[[ Dataset excerpts open ]]

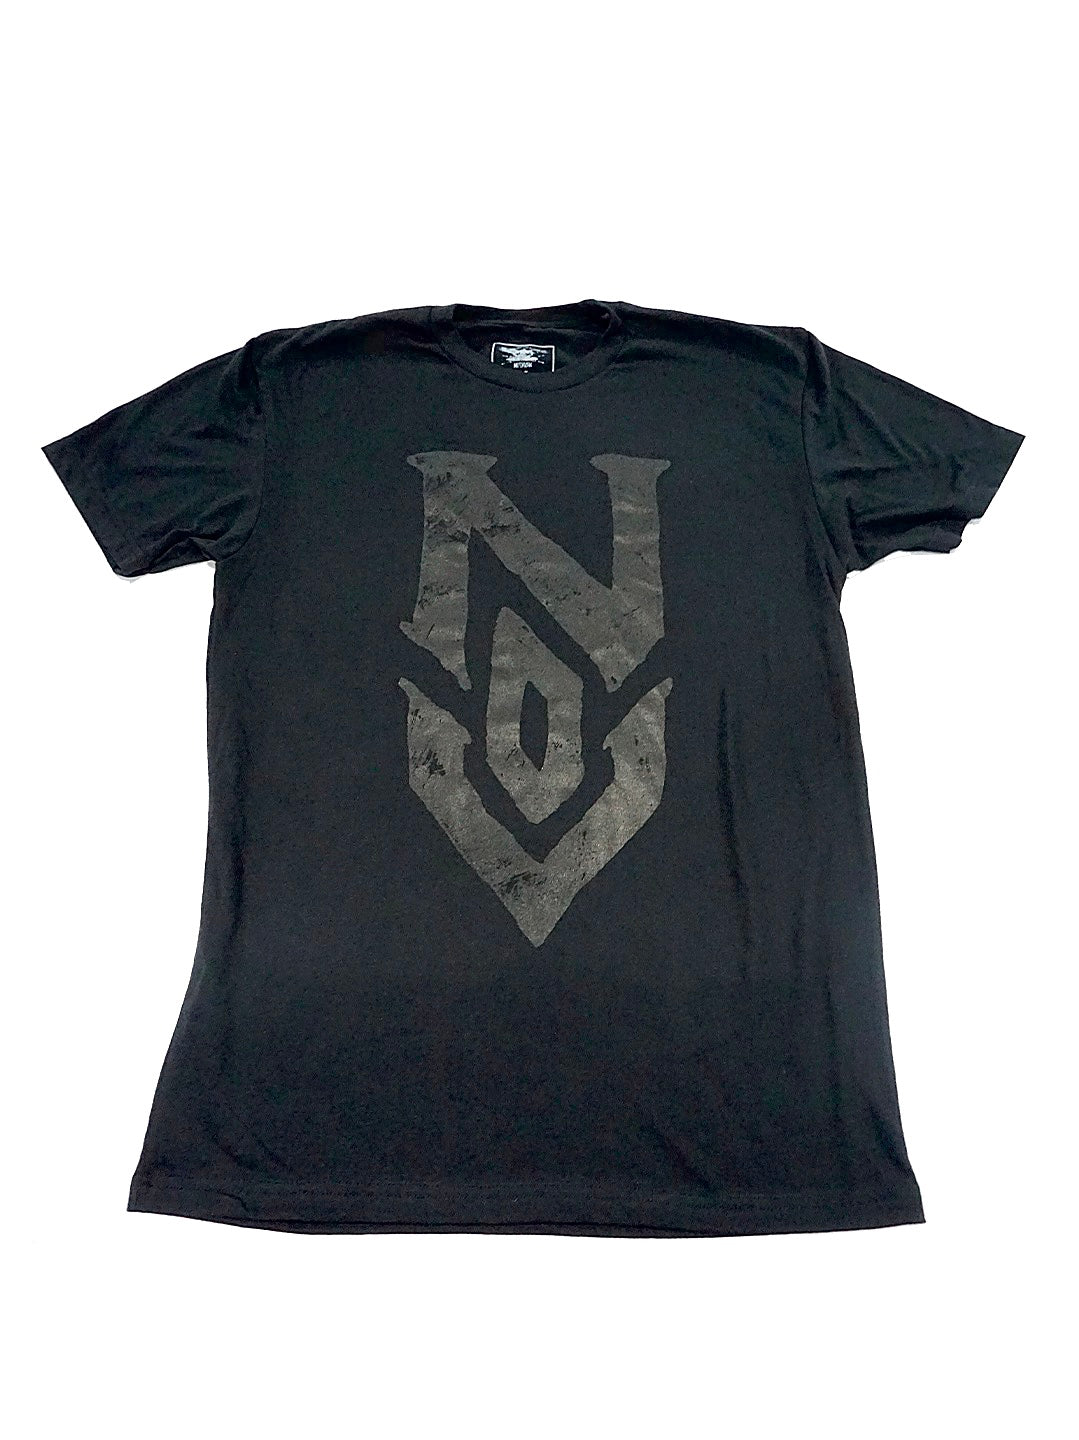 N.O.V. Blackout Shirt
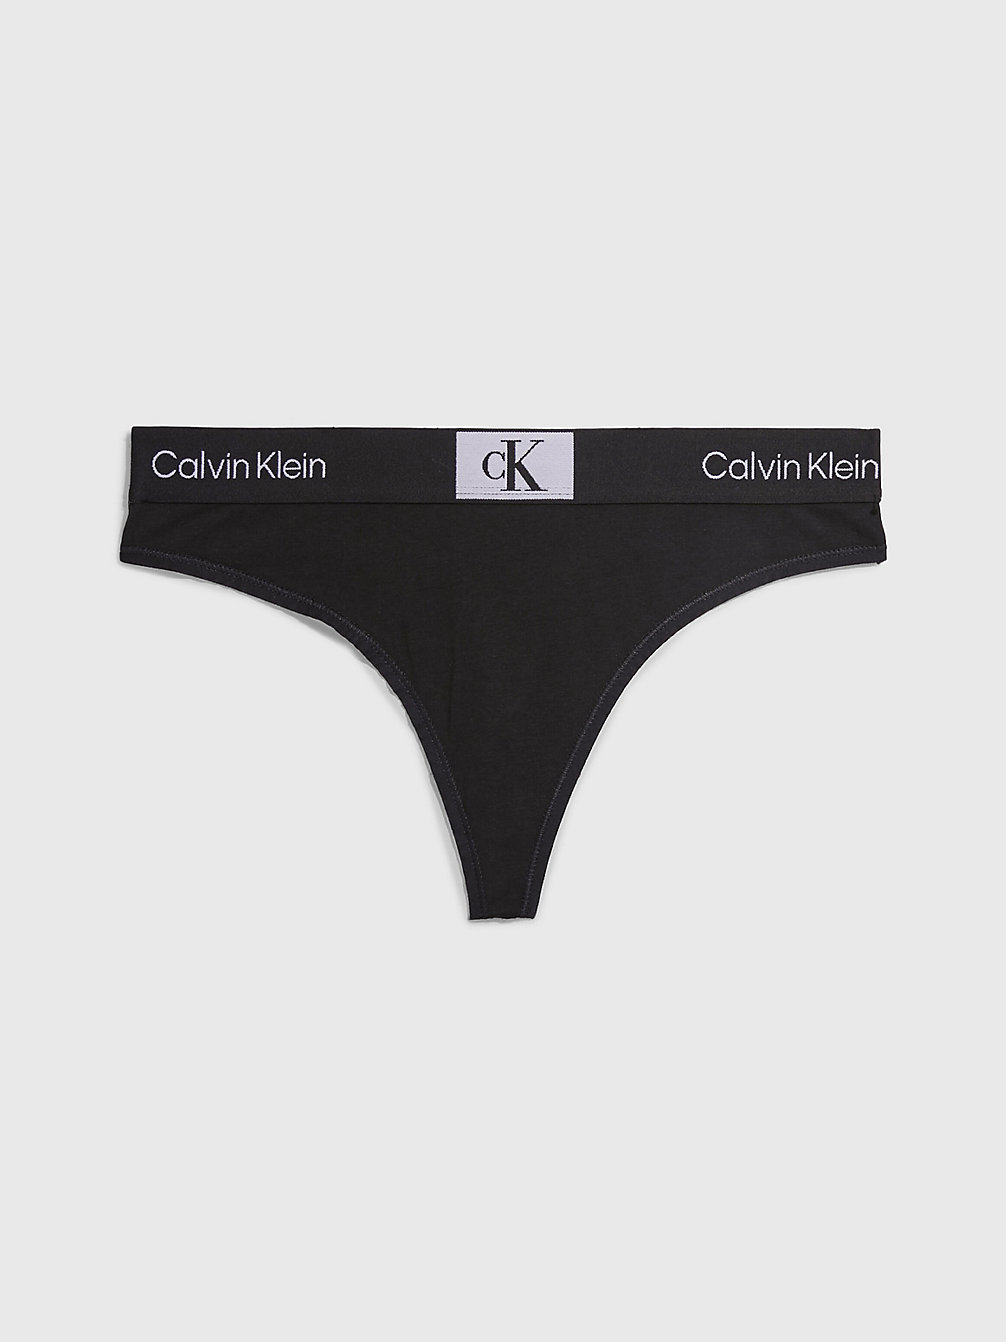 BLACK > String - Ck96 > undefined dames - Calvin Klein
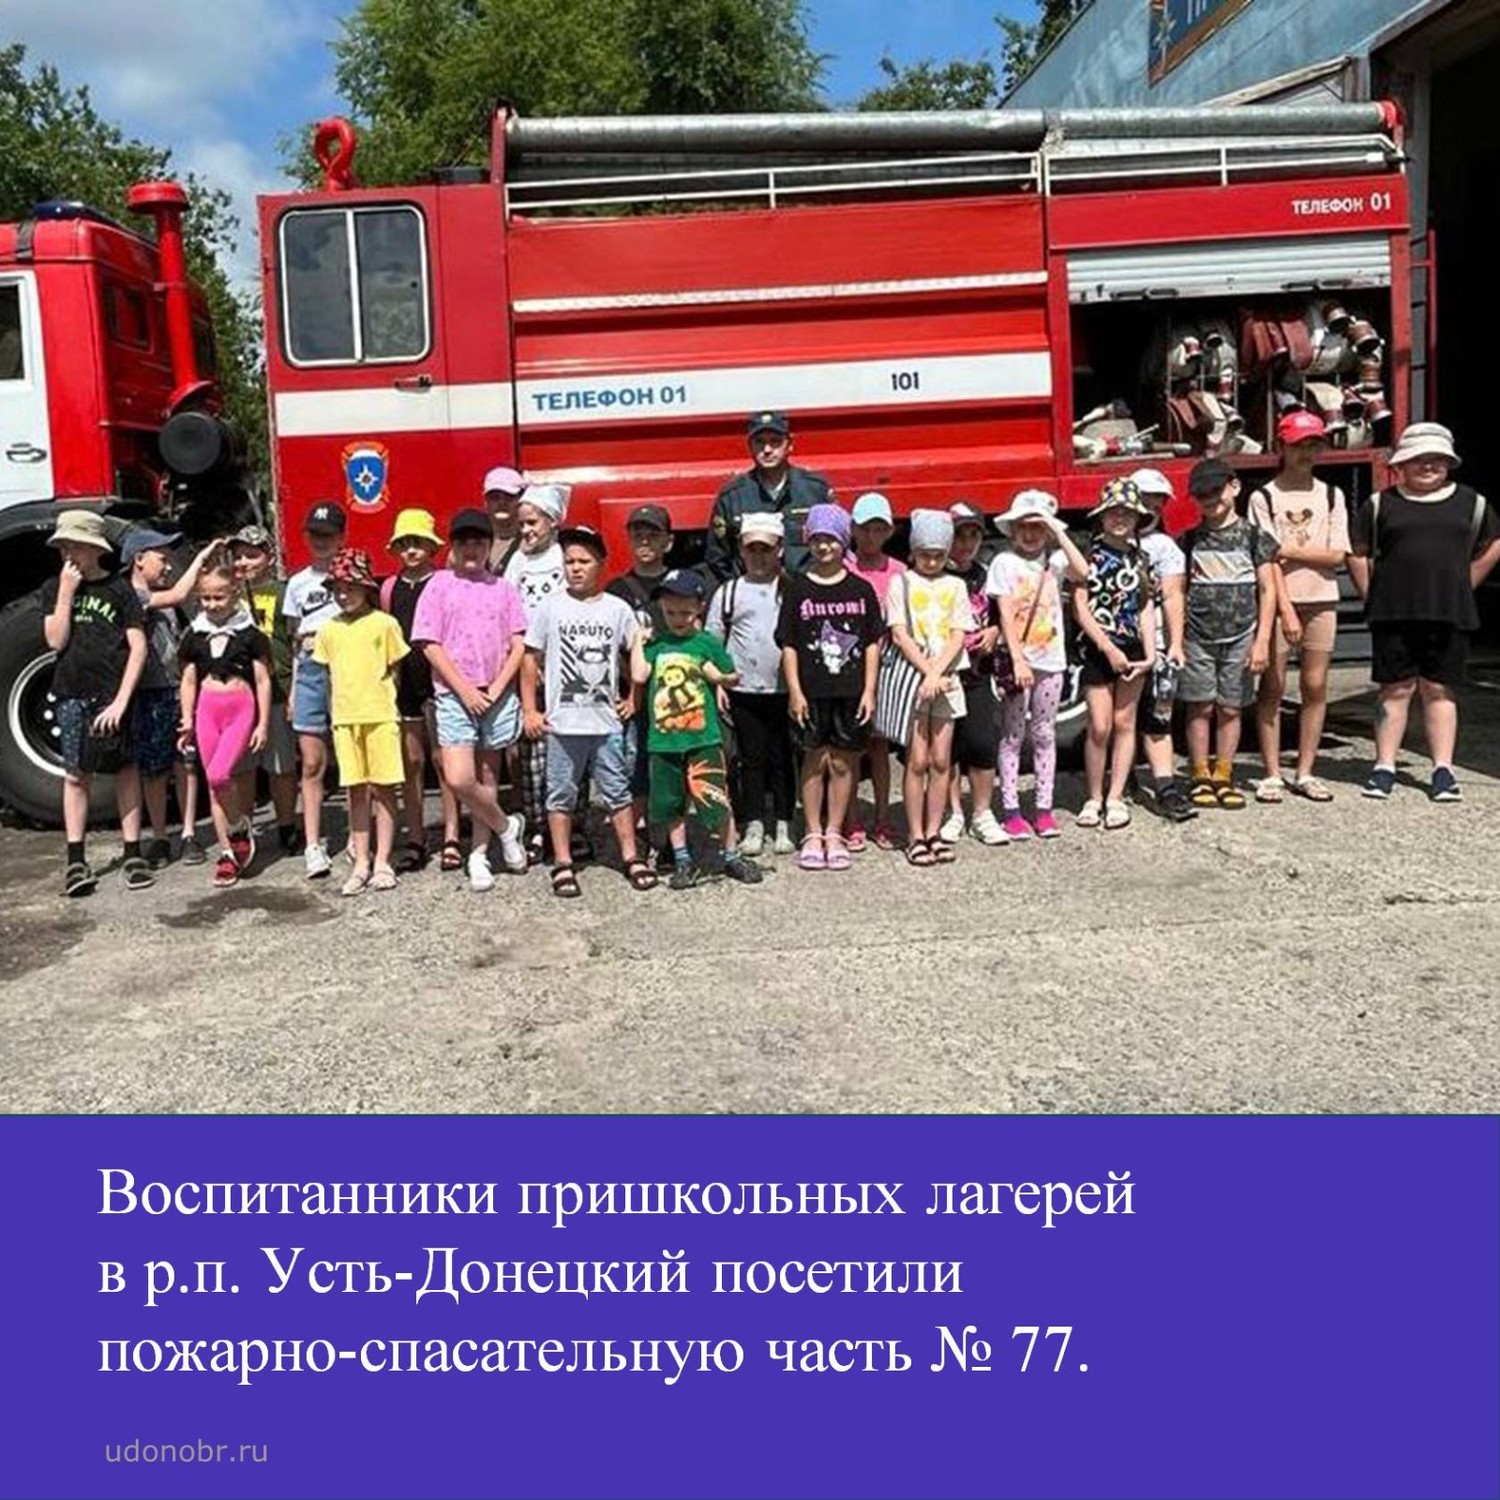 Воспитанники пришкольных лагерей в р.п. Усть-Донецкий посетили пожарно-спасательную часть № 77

[[ Dataset excerpts closed ]]
[[ Dataset excerpts open ]]

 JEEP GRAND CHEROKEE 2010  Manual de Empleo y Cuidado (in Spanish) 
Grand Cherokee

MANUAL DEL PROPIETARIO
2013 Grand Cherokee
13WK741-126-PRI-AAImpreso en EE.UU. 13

[[ Dataset excerpts closed ]]
[[ Dataset excerpts open ]]

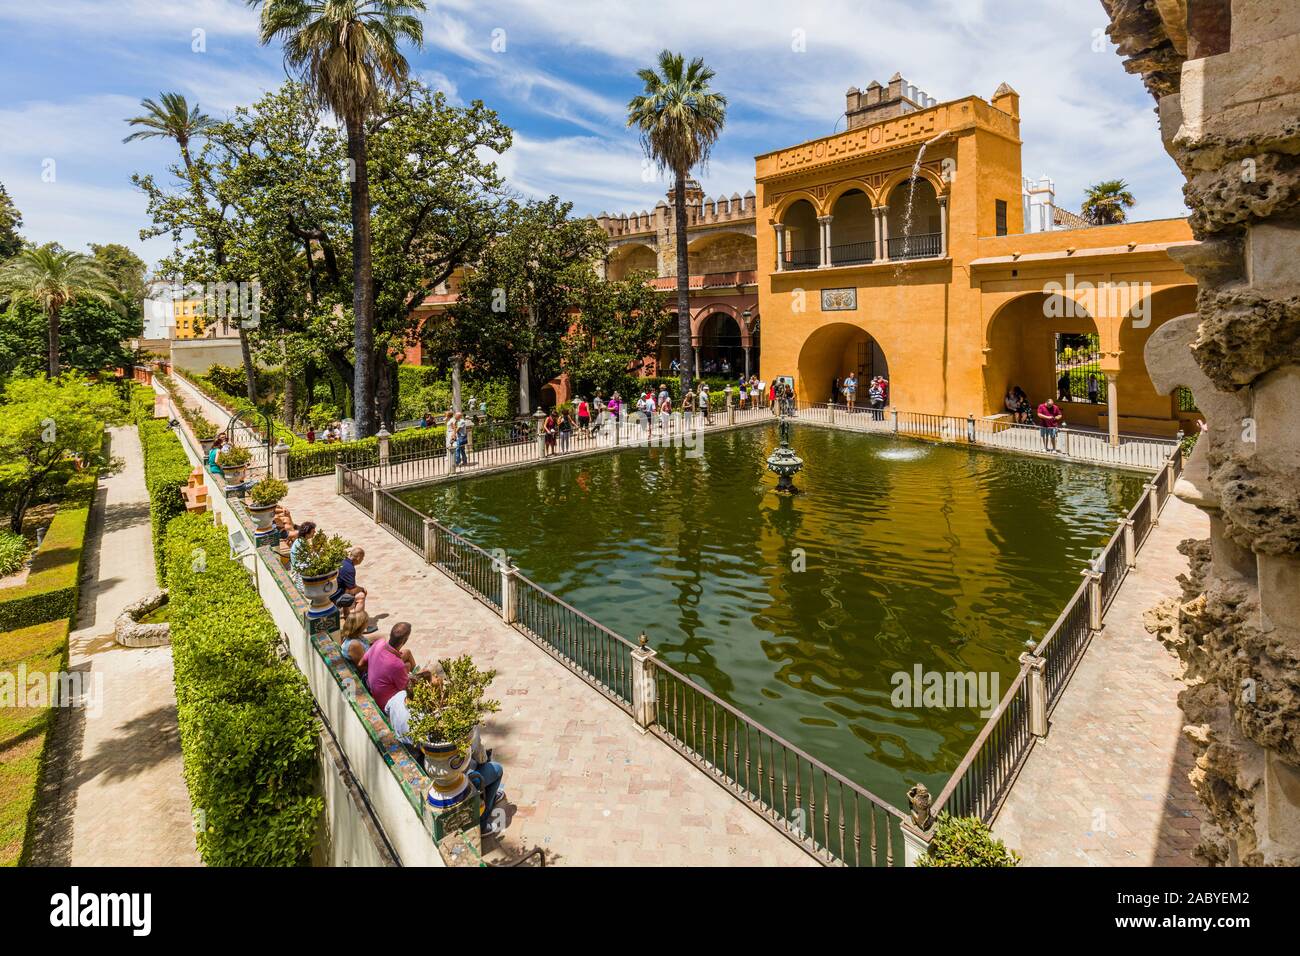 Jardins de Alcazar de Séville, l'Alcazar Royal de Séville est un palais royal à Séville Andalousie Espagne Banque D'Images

[[ Dataset excerpts closed ]]

**Aim of the exercise**
Reproduce exactly the lines of the data above that run from the line with "N.O.V. Blackout Shirt" down to the line with "Воспитанники пришкольных лагерей", both ends included. Pictures do not belong in the copy.

**Answer section**
 N.O.V. Blackout Shirt
 BLACK > String - Ck96 > undefined dames - Calvin Klein
 Воспитанники пришкольных лагерей в р.п. Усть-Донецкий посетили пожарно-спасательную часть № 77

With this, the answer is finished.